→ **RECORDED DATA**
· · ·

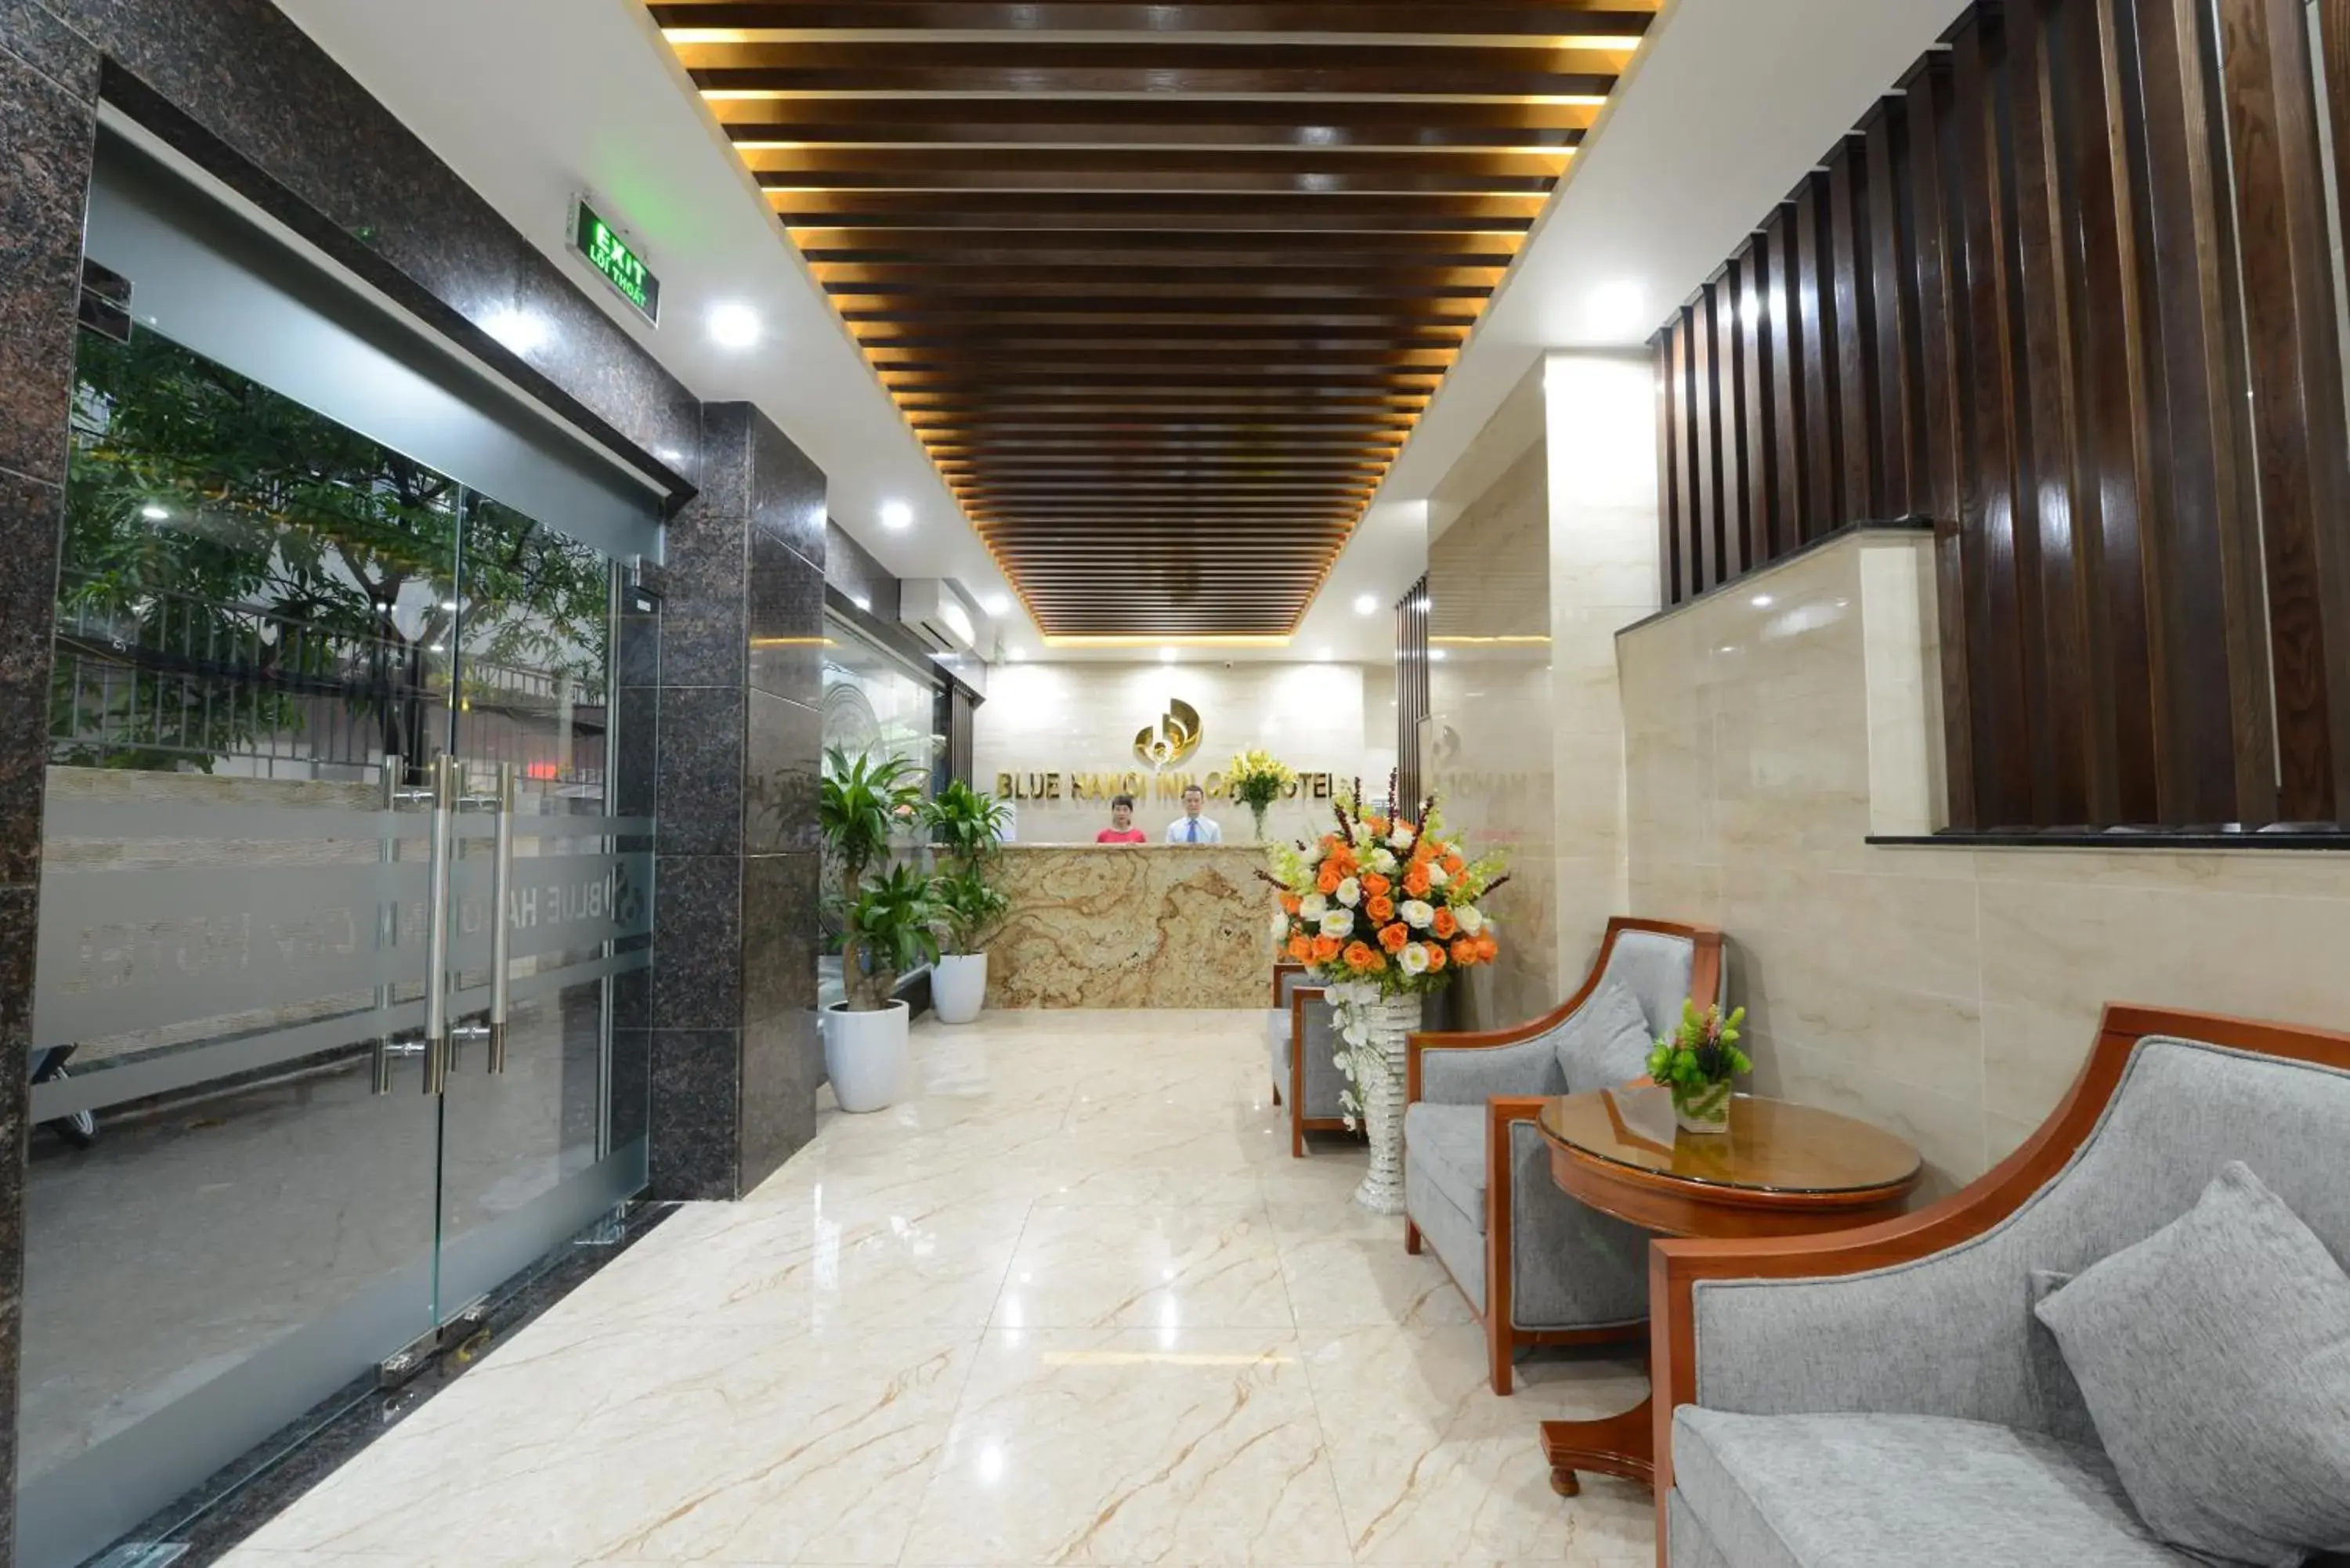 Lobby/Reception in Blue Hanoi Inn City Hotel
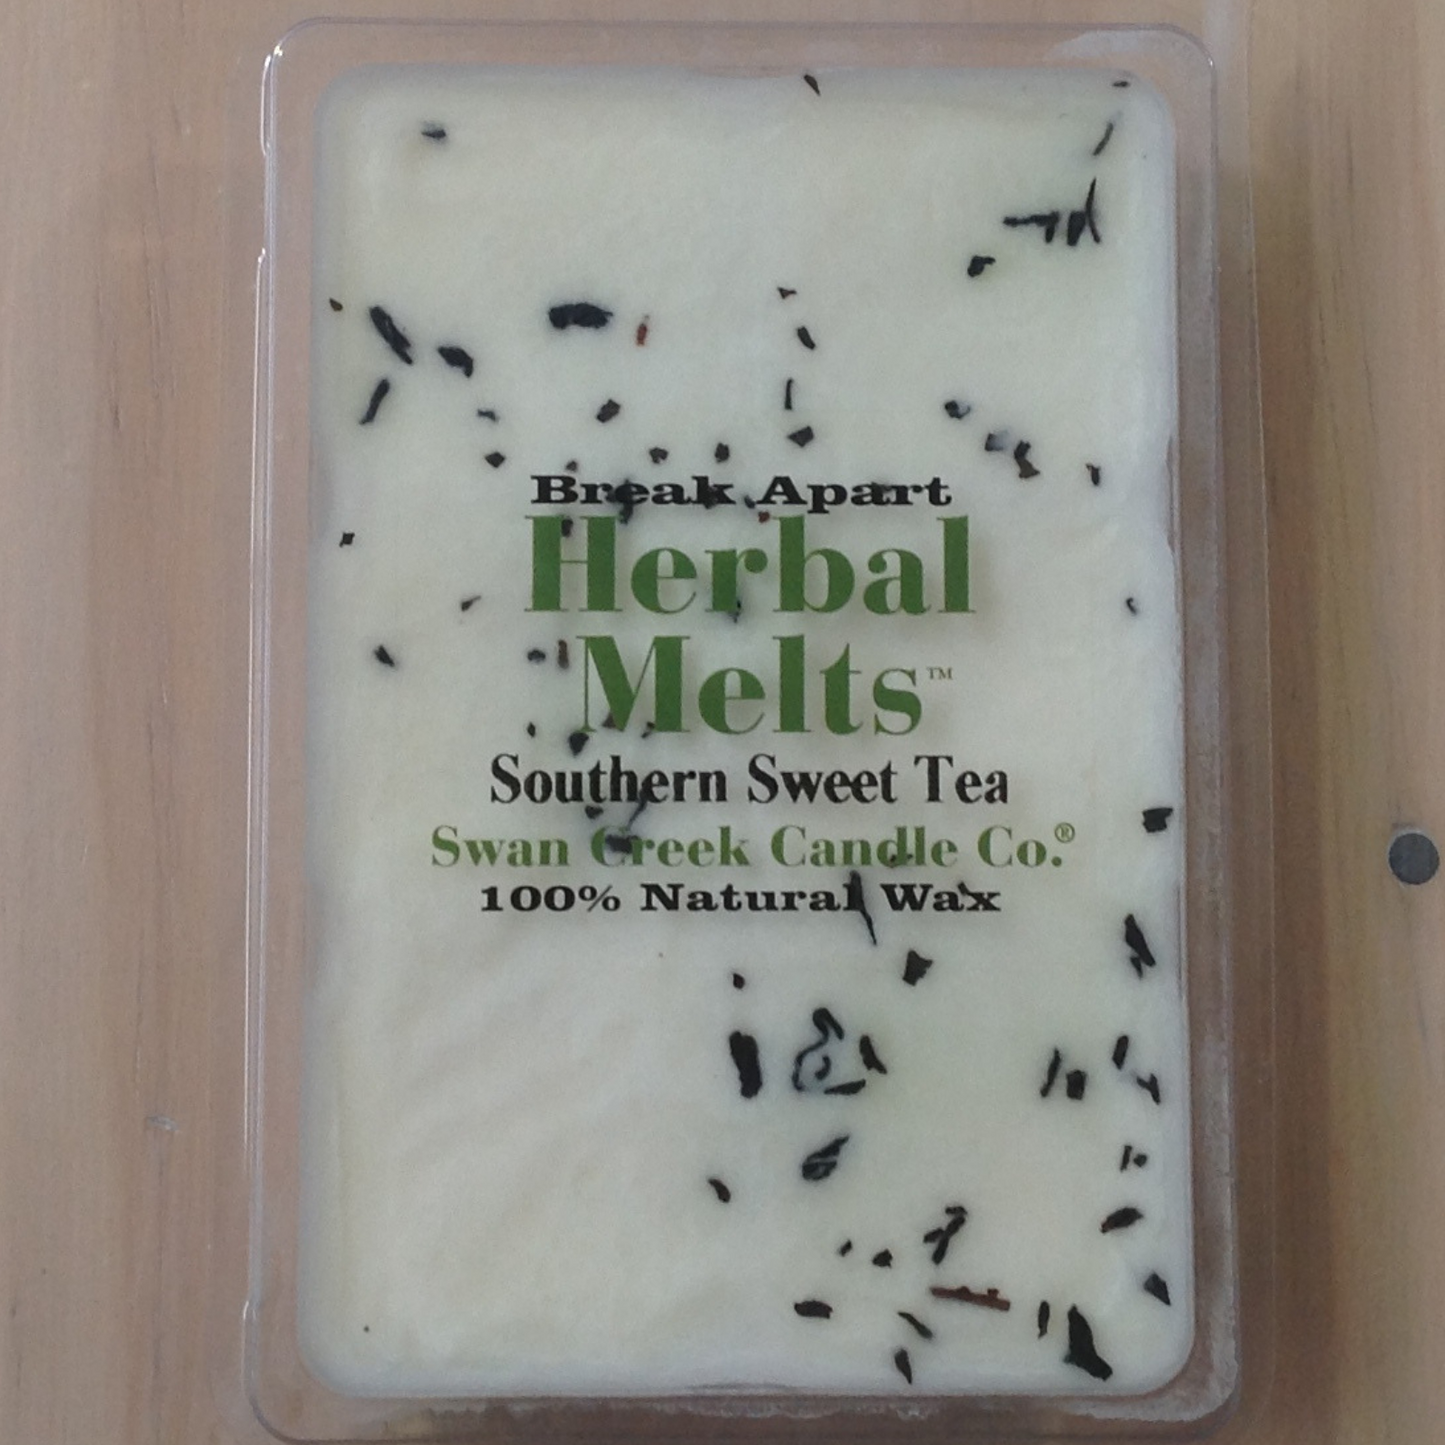 Southern Sweet Tea Herbal Melts
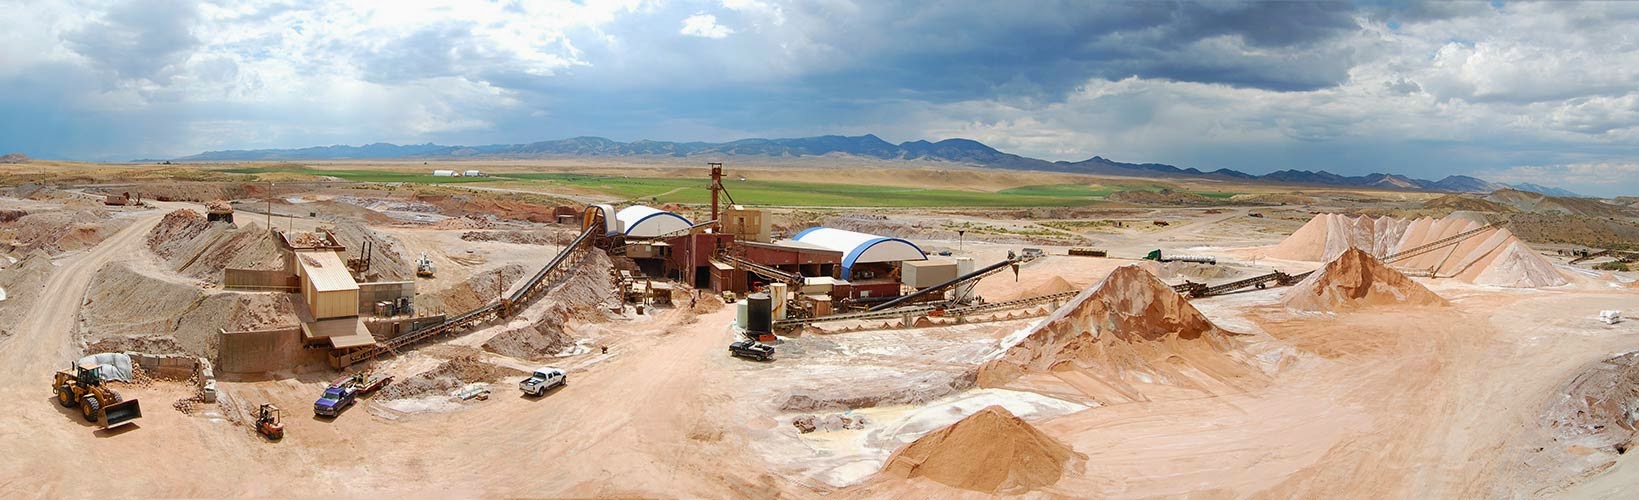 The Redmond salt mine produces popular natural products like Redmond Real Salt and Redmond Clay.

· · ·

→ **WHAT TO DO**
Once the pictures are set aside, output all of the data above verbatim.

→ **COMPLETED EXERCISE**
 Lobby/Reception in Blue Hanoi Inn City Hotel
 Southern Sweet Tea Herbal Melts
 The Redmond salt mine produces popular natural products like Redmond Real Salt and Redmond Clay.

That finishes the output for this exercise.